Shane Jacks:    For sure, yeah.
Keith Consentino:    All right, so my next one is kind of like the whale tail.  We’re talking about a shaved tool, and we’ve mentioned these not she show before, and for Shane and I they are just a regular, everyday occurrence, and for our technicians, but it’s something else, again, that you could go years and years and work and work without shaved tools.  I did it, Shane did it, you just know what of your tools fit where and you think that’s it.  Then you drop a shaved tool in your hand and pop that thing right down into a brace that you’ve been fighting with every other tool to fit in there, and it slides right in and you think, “This is amazing.  I can’t believe I worked so long without these,” and they’re only getting thinner as the technology for the tool companies gets better.  So get some shaved tools.  It is ridiculous.  I couldn’t do what I do without them now.  Oftentimes when that tool is on the dent, that’s the only tool that’s going to fit in there.  You take that tool out of my hands, I can’t get it.

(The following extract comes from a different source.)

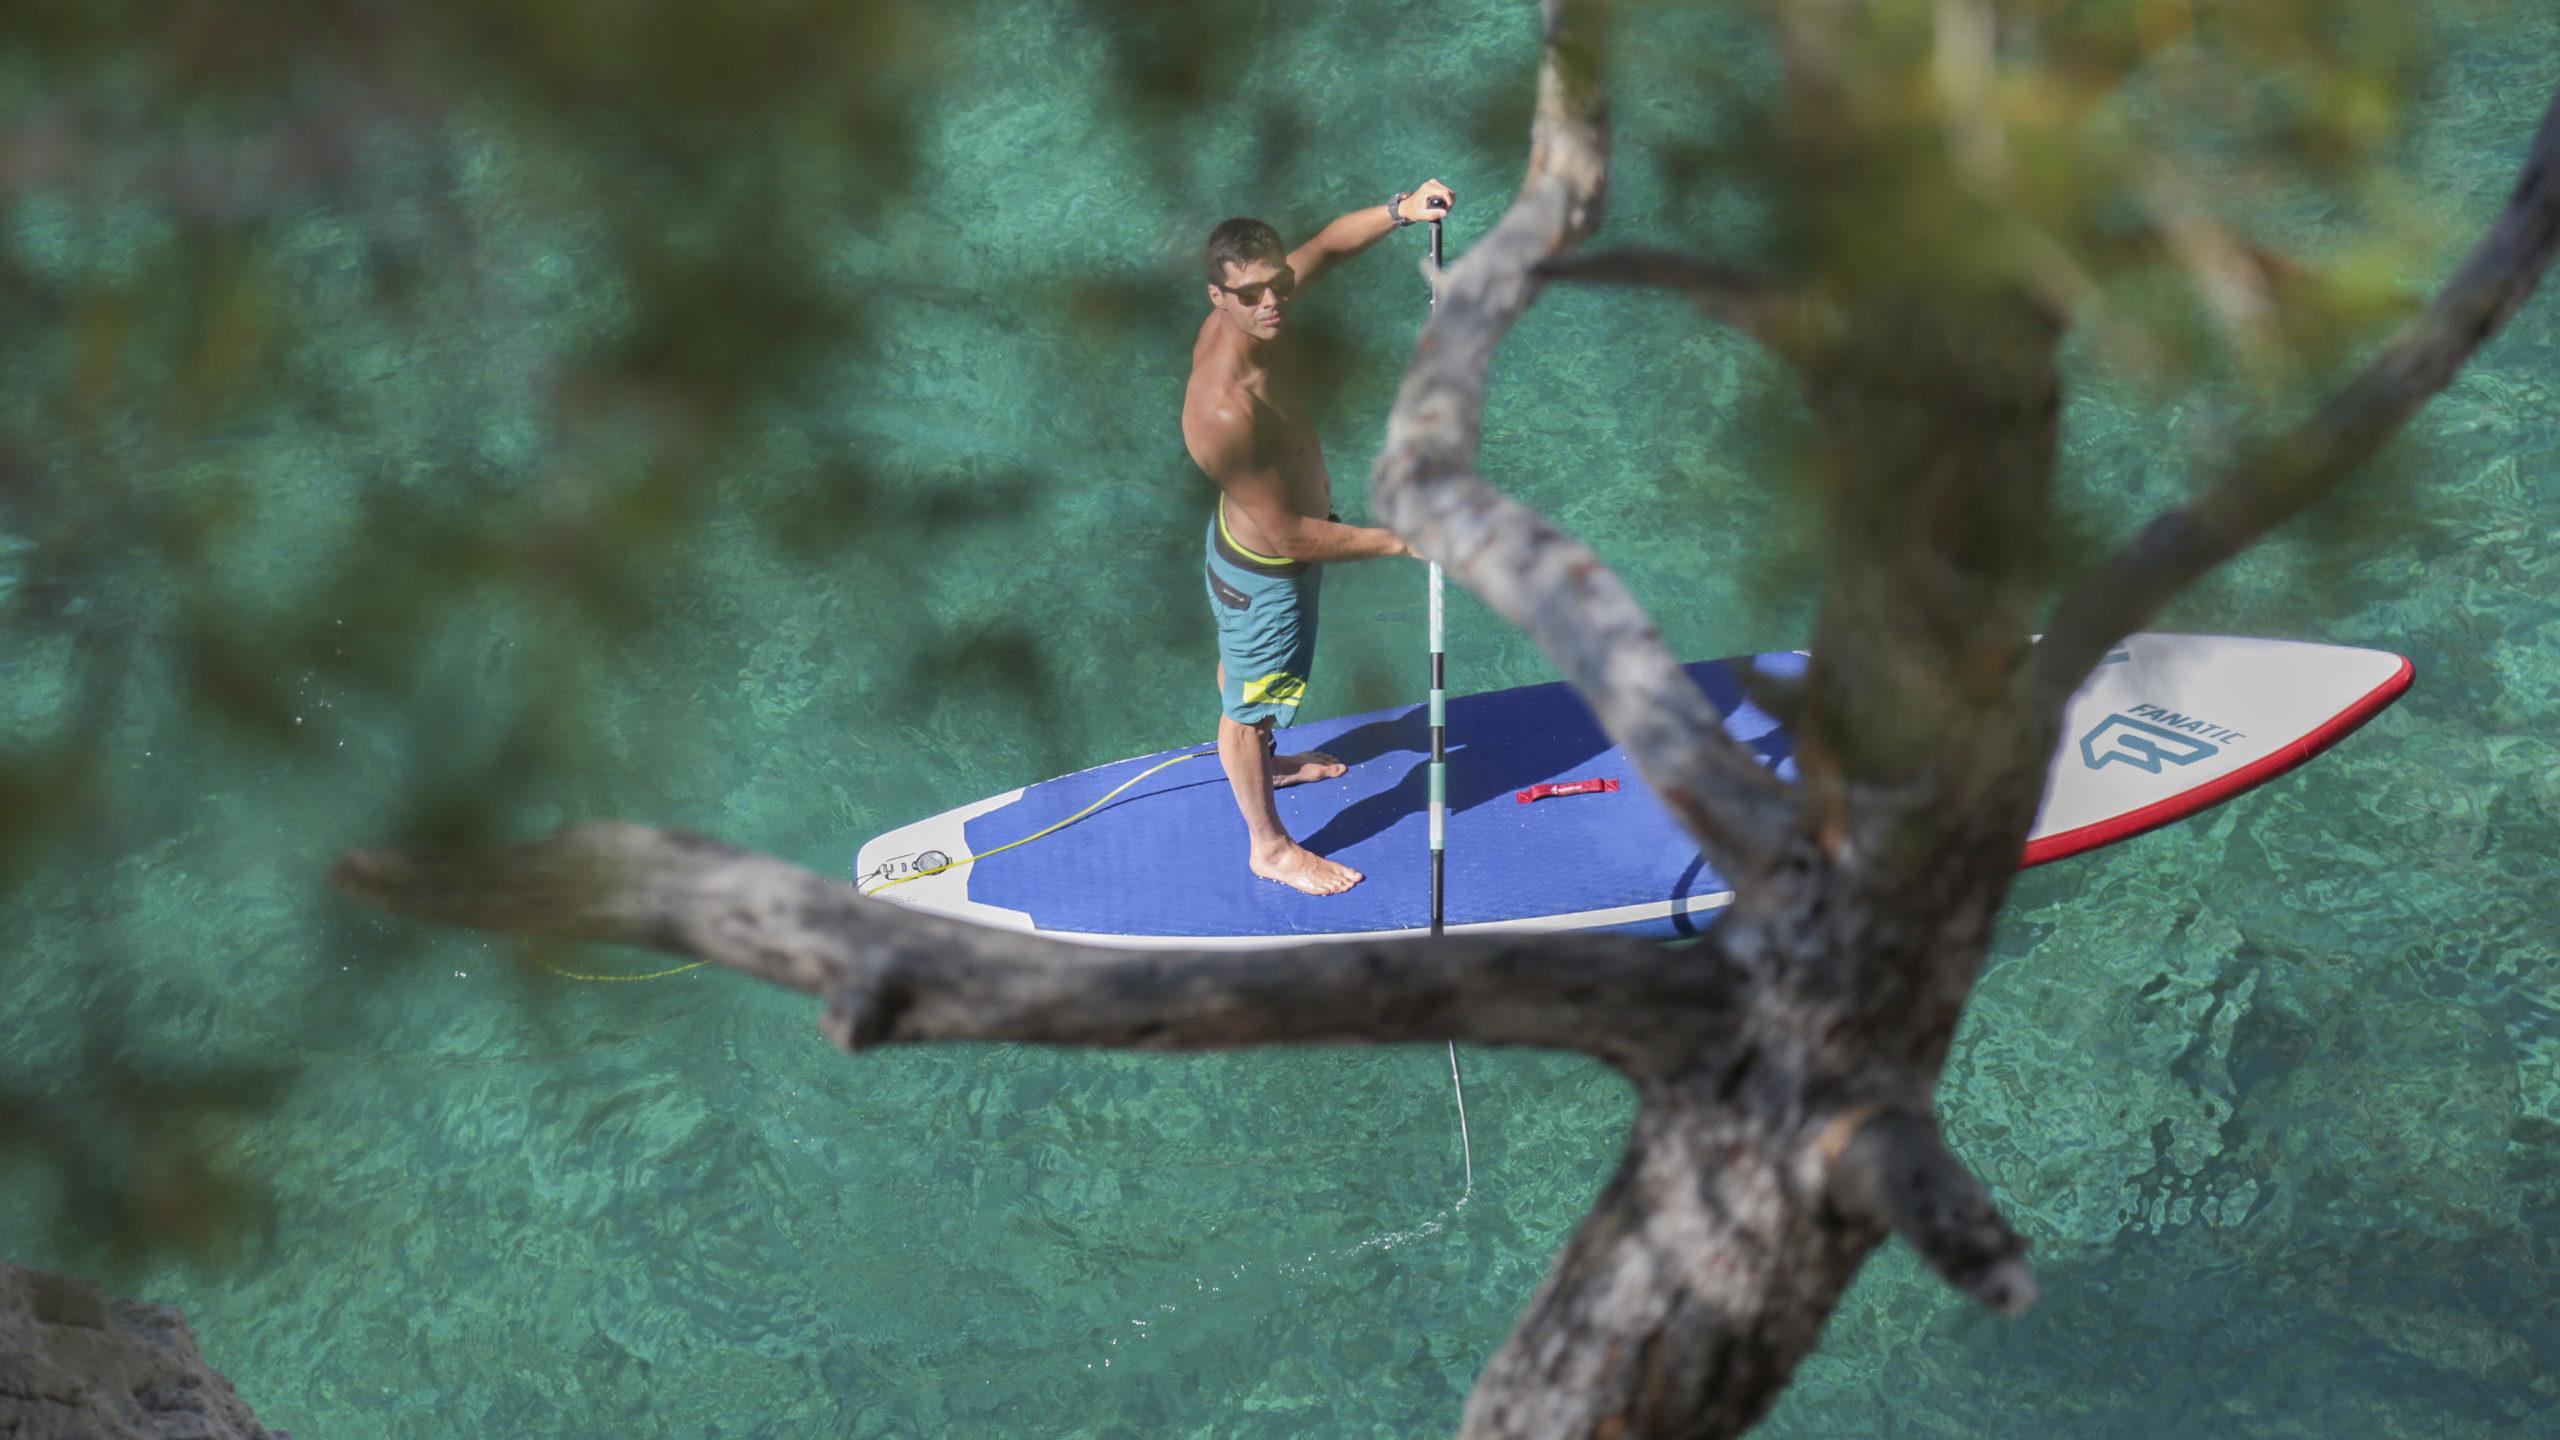 Randonnée Stand Up Paddle - H2o Paddle

Shane Jacks:    Yeah, there’s a reason I nicknamed those bad boys The Answer.  That’s the reason.  You know where they work best?  And I think I’ve said this before.  Especially, well, where they work best for hail, if any of you guys ever have any trouble with the Infinity G cars, the hoods, they’re aluminum and they have a lot of flat skin to skin bracing or double panels, those things work so so well in those hoods.  Because aluminum, you can shove a tool without distortion way more than you can a steel hood, and I’ve been working on some of these infinity hoods, and my guys here have been cringing at the big bowls that I’m twisting, and it’s pulling down the sealer.  But those tools work so well in those hoods.  They work everywhere, but that’s just one of my favorite spots to use those shed tools.
Keith Consentino:    And you like one of the Ultra shaved tools too, right?  Is that you?
Shane Jacks:    That’s the ones that I like the best, honestly, the Ultras.
Keith Consentino:    And I use the Dent Craft shaved tools more.  I don’t have the Ultra shaved tool.
Shane Jacks:    Man, the Dent Craft are thinner, so you’re going to get them in a tighter spot, so they have their place.  The Ultras are a little bit thicker, insanely flexible, but way way strong.  These things are really really strong.
Keith Consentino:    And I know you like that coating, whether it’s chrome or whatever it is, because it slides in there.
Shane Jacks:    Yeah.  I’ve got the entire set and then an extra three or four that I keep in my truck when I do the little bit of mobile work that I do.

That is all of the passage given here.